AVAILABLE DATA =>
::::
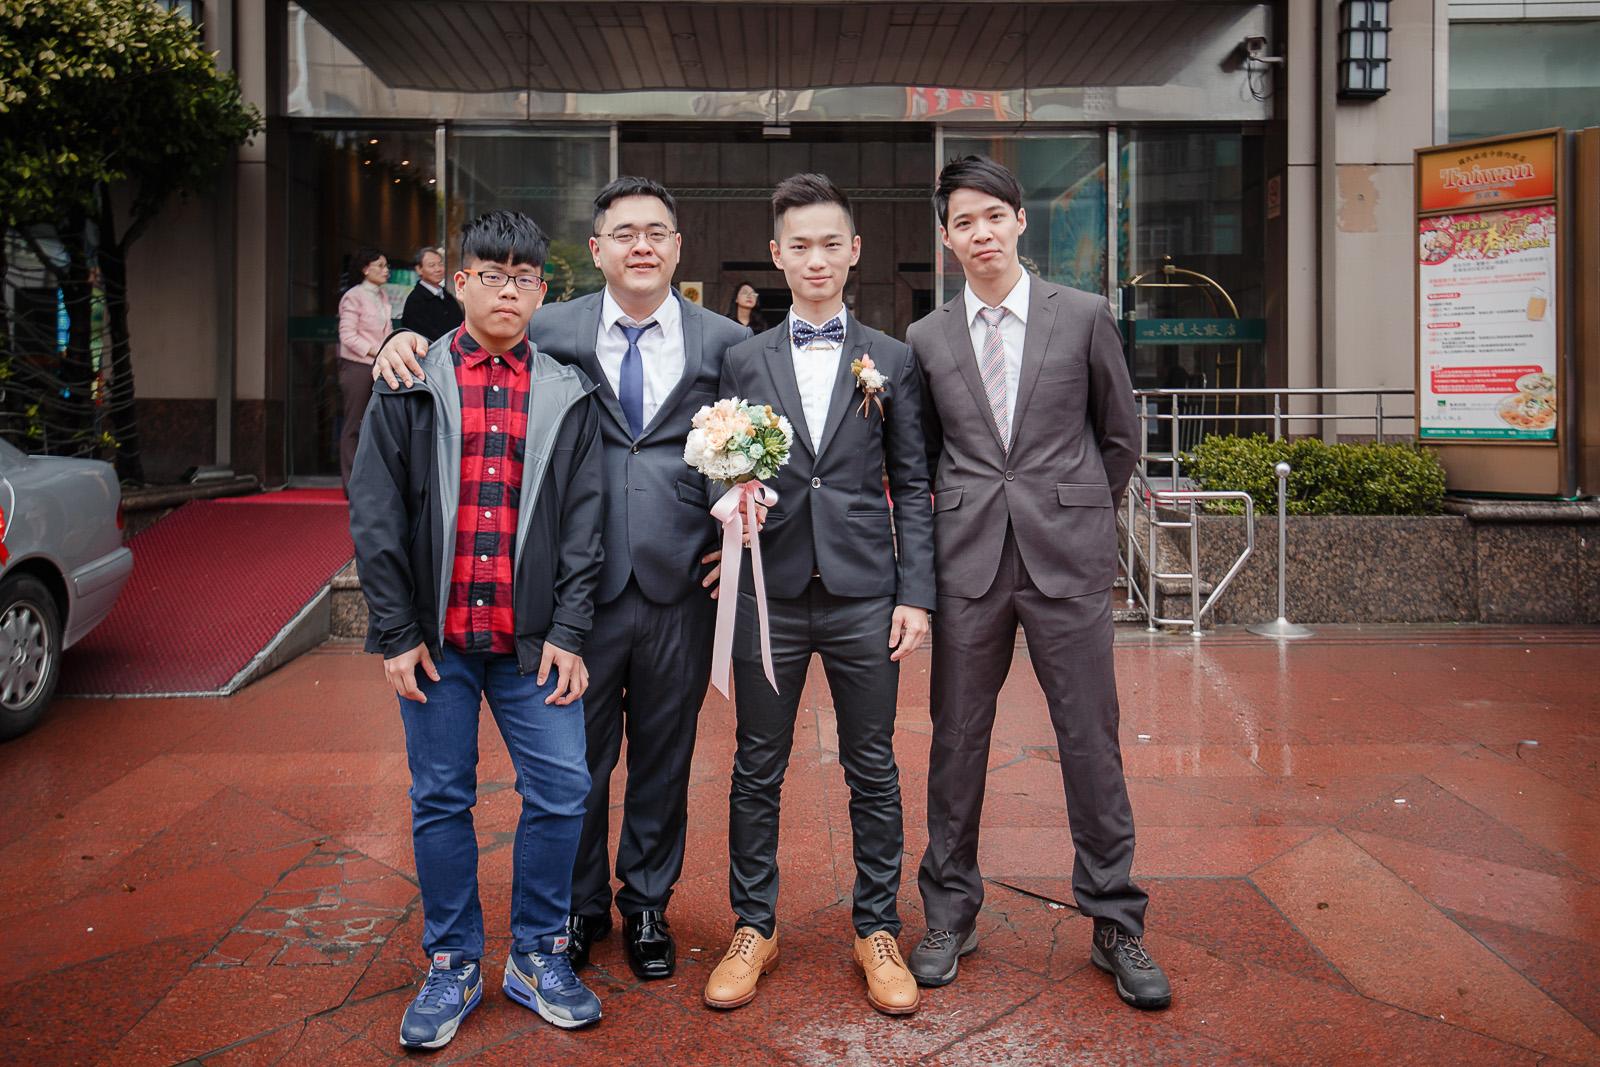 高雄圓山飯店,婚禮攝影,婚攝,高雄婚攝,優質婚攝推薦,Jen&Ethan-085
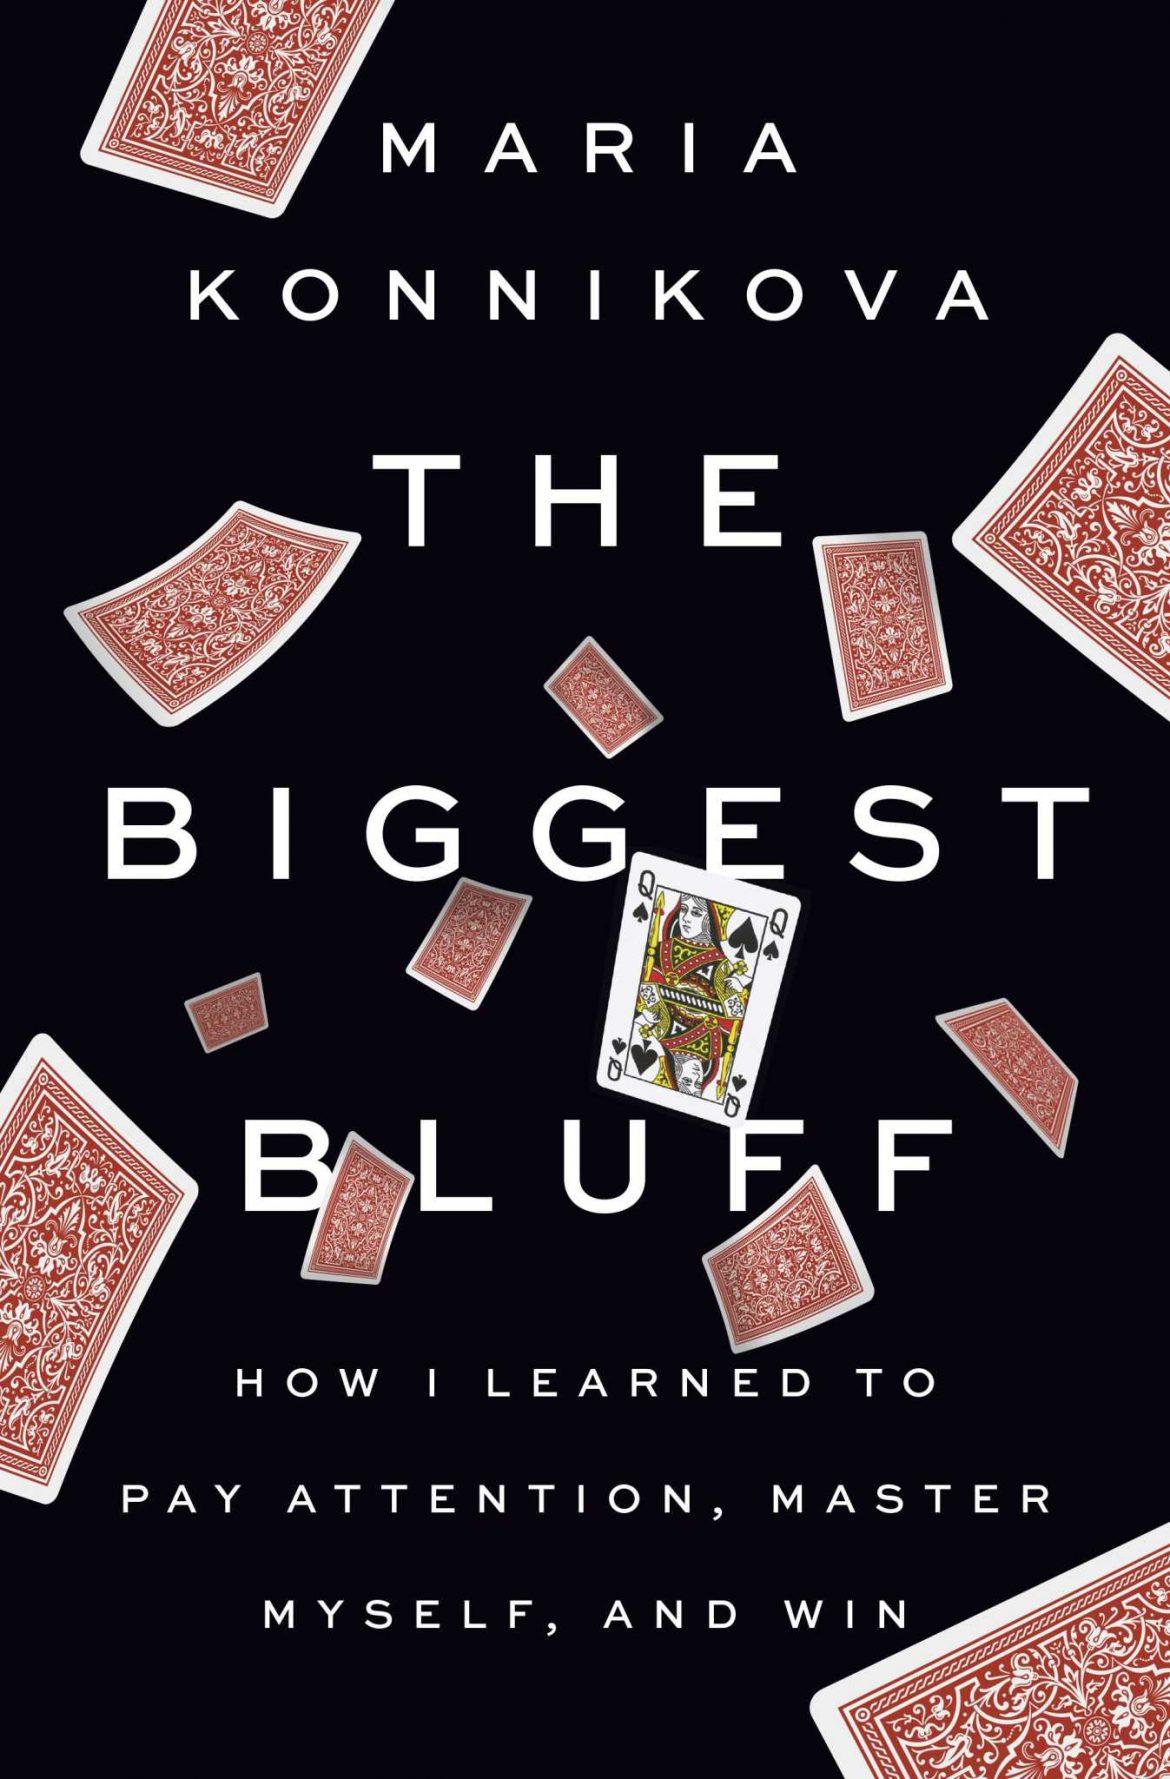 Dunia Buku: Seorang psikolog melakukan perjalanan spiritual - ke turnamen poker
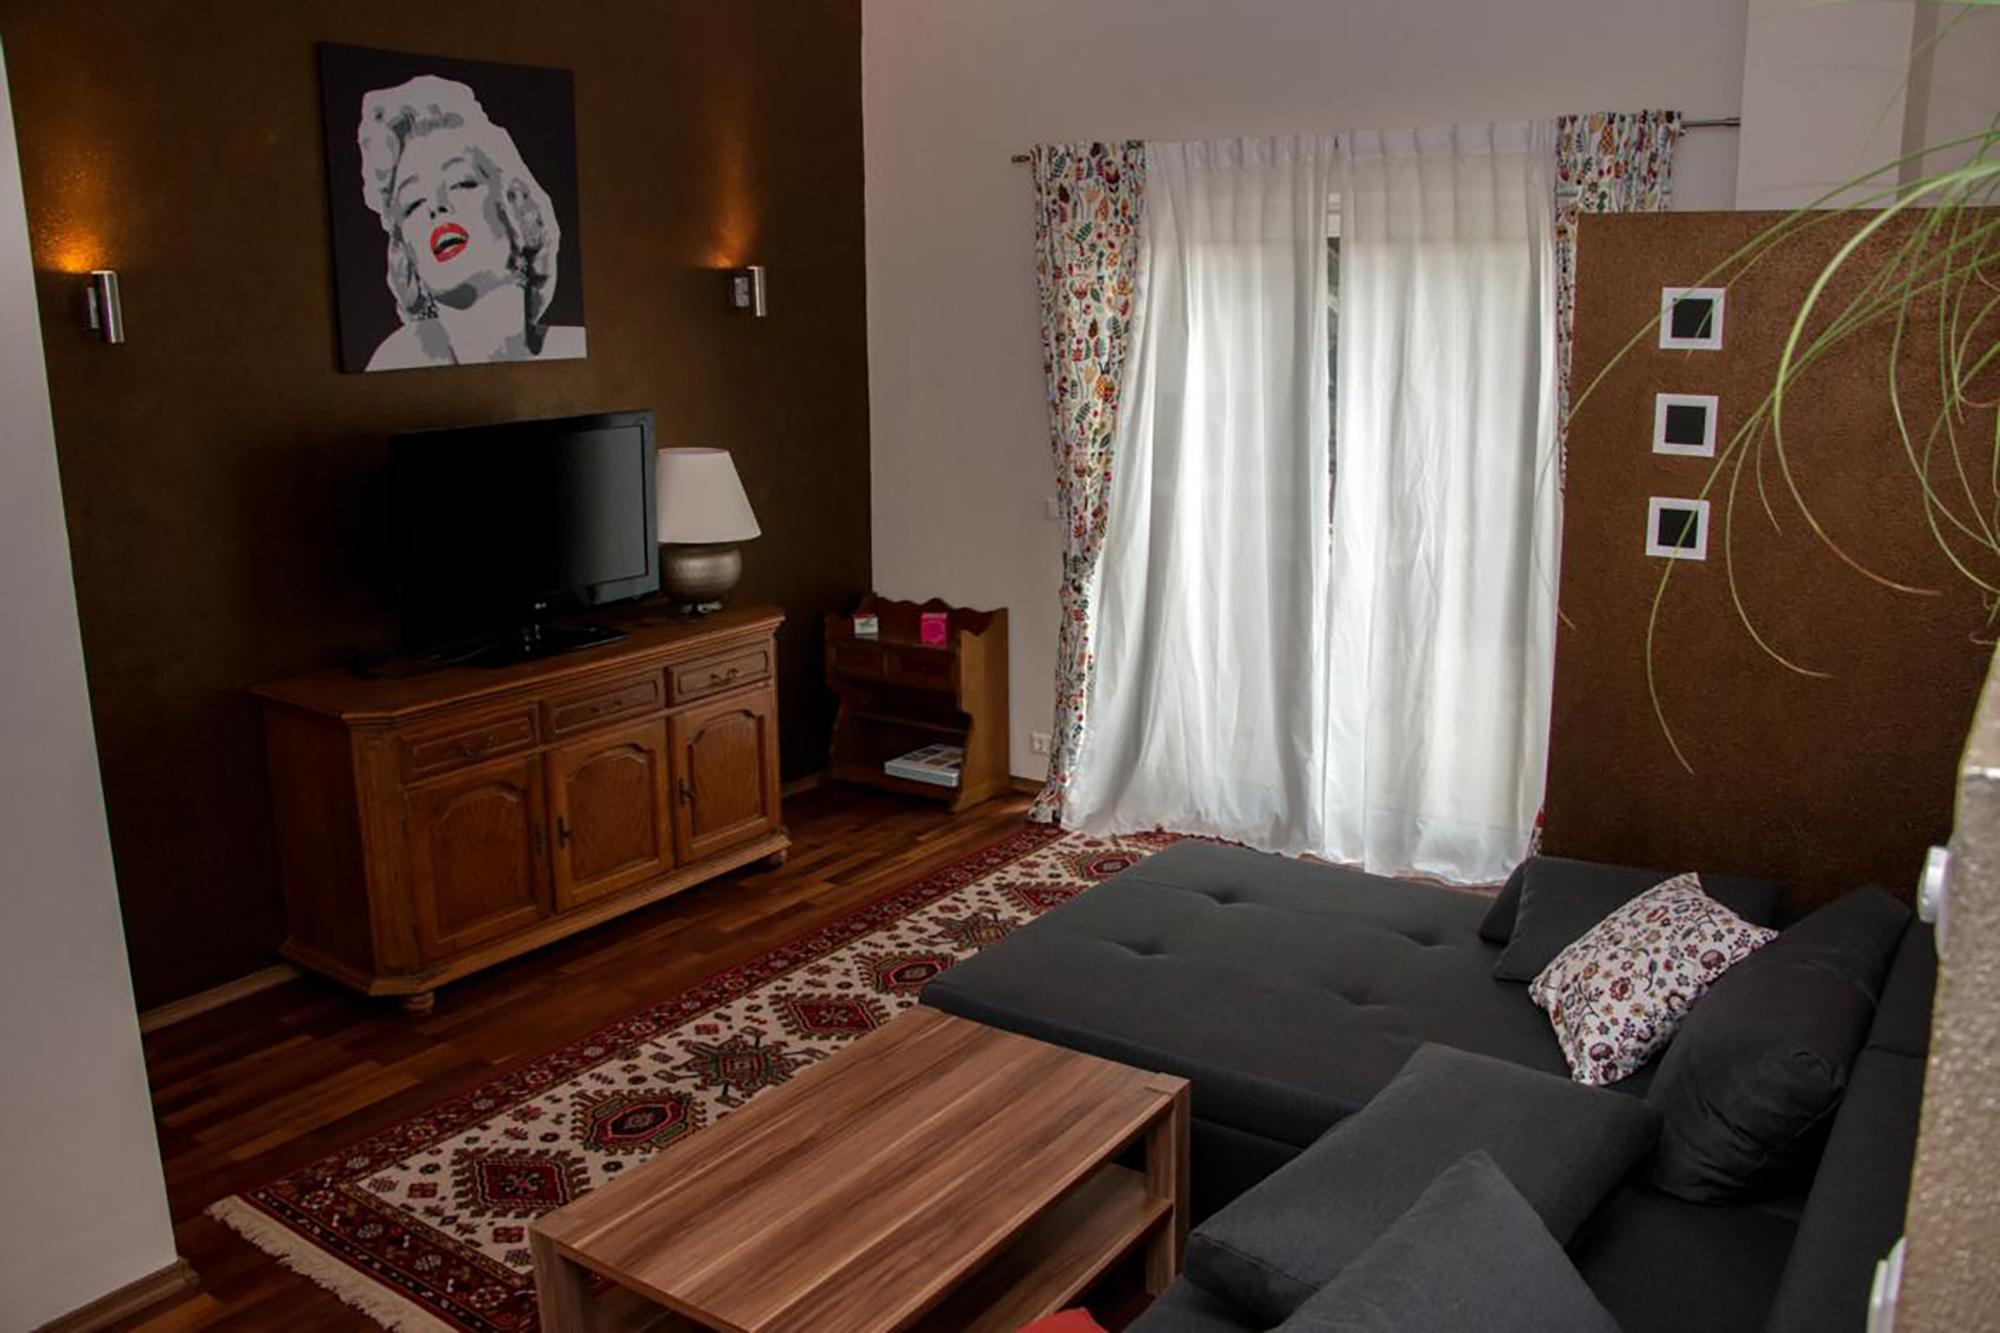 Haus Cäcilia Innsbruck | Wohnzimmer| Bild: Privat
::::
INSTRUCTIONS FOR THE TASK => The result should be a transcript of the lines from the line containing "Dunia Buku: Seorang" through the end of the listing above, exact, inclusive, and without pictures.

SOLVED EXERCISE =>
 Dunia Buku: Seorang psikolog melakukan perjalanan spiritual - ke turnamen poker
 Haus Cäcilia Innsbruck | Wohnzimmer| Bild: Privat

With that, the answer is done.